As many do... I have a line of Unique food products I wish to market.
I need a quality eyecatching Logo and label design.
I am personally not inspired... at this time ( DS passed recently), But, I really need to move forward with my new business.

I was laid off after 25 years... 18 mo ago.... Therefore, time is litterly money.
There seems to be a lot of talent on this forum... and I need help.
So, Please, if you can do graphic design... or know of someone... who would be reasonable... I'd appreciate it so very much.
Gratefully,TDD


----------



## chickenista (Mar 24, 2007)

I do!! I know of someone and she is fantastic!!!
And very affordable..
here are my logos..
my main one..









and my secondary one..










I am going to have her do a third soon that has to do with the Kitchens at The Hennery.

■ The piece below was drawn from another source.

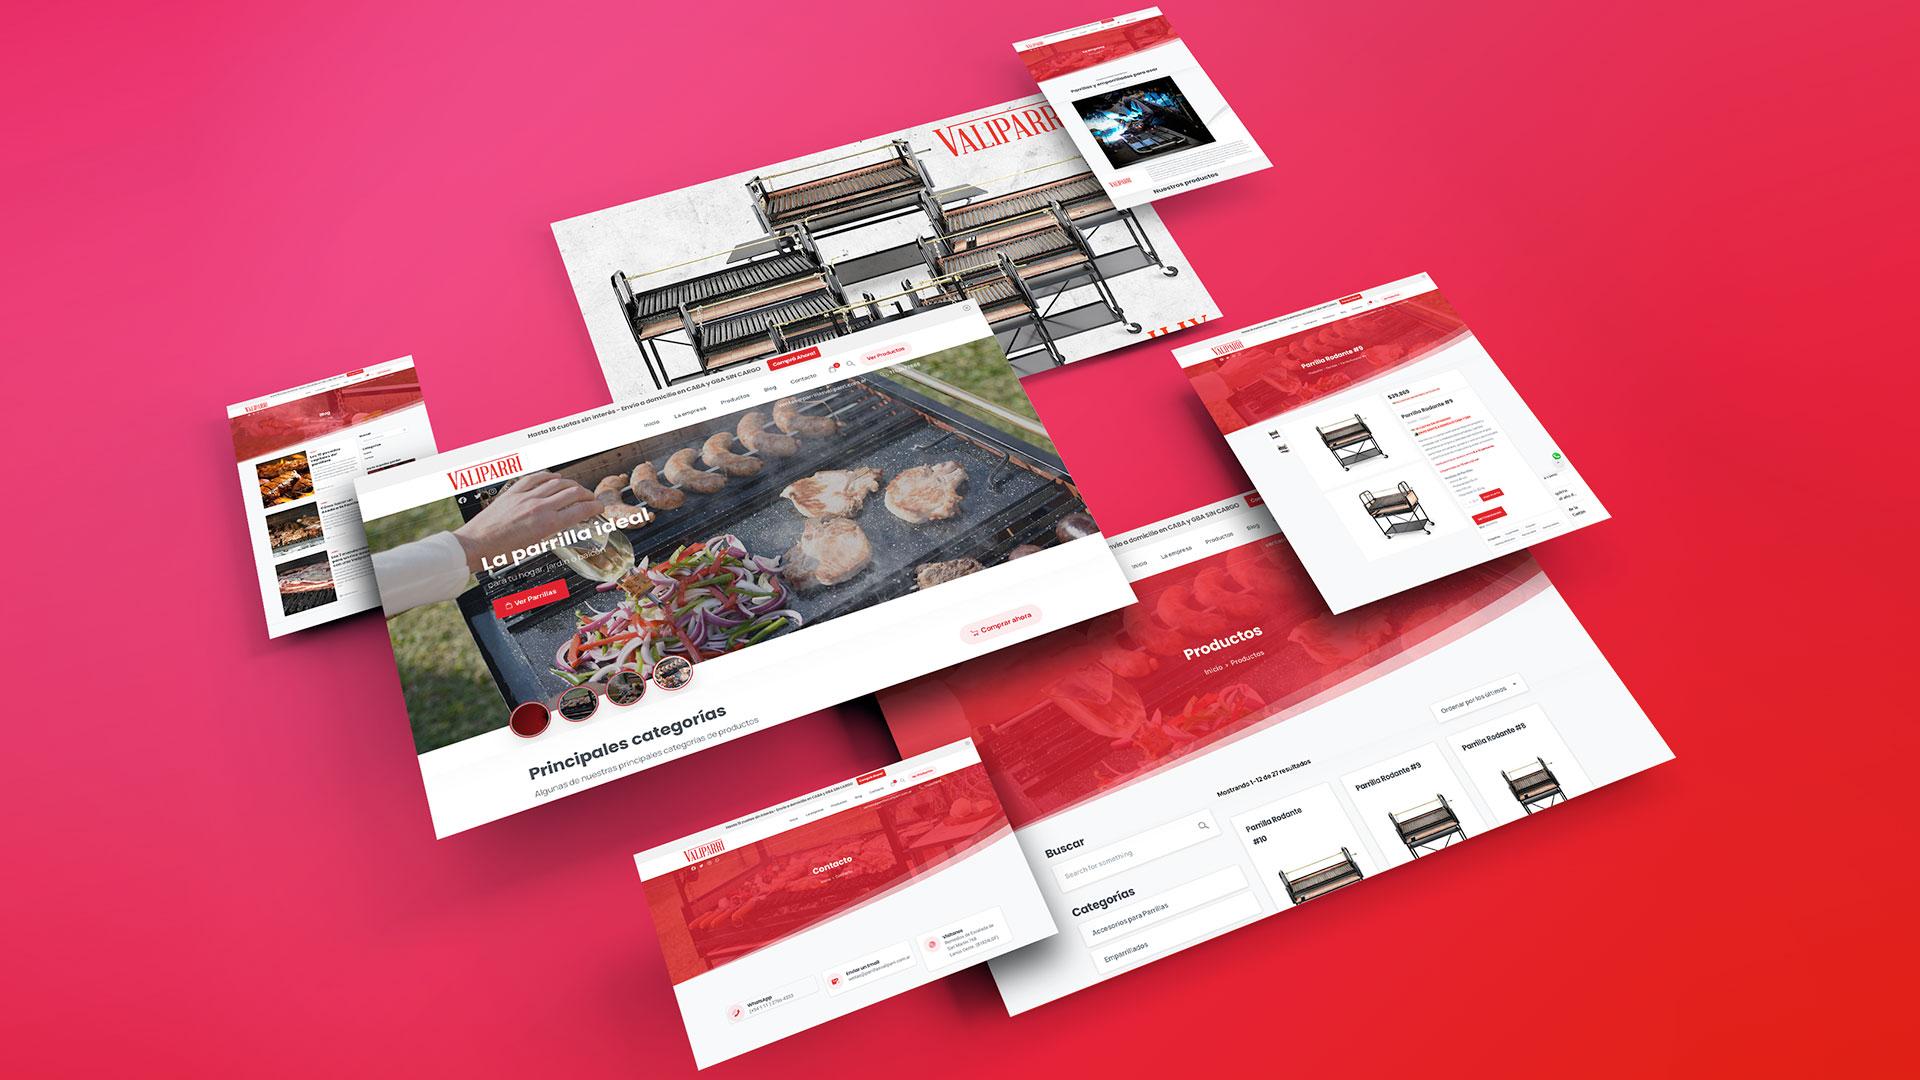 Desarrollo de Sitio web Parrillas Valiparri

My logo is $40 and she will give you many ideas and choices to choose from.
Her email addy is [email protected] and she has no problem with me handing it out.
She is a homesteader-y gal with ducks and chickens etc..!!


----------



## Texasdirtdigger (Jan 17, 2010)

Chickenista...........OH!! Thank you!!:goodjob:


----------



## Texasdirtdigger (Jan 17, 2010)

Sent her a message... I really love your designs.
MANY, MANY THANKS!!


----------



## chickenista (Mar 24, 2007)

Oh yeah!!
I am so glad.
I really like her work and am glad to support her in anyway that I can!


----------



## chickenista (Mar 24, 2007)

http://www.facebook.com/group.php?gid=122966004403161

here is her FB page. If you look in photos you can see her work!


----------



## Texasdirtdigger (Jan 17, 2010)

WOW!! She' is good.


----------



## twospirit (May 25, 2010)

I do graphics and logo work as well & have been doing it off and on for about 15 years now.

Michael


----------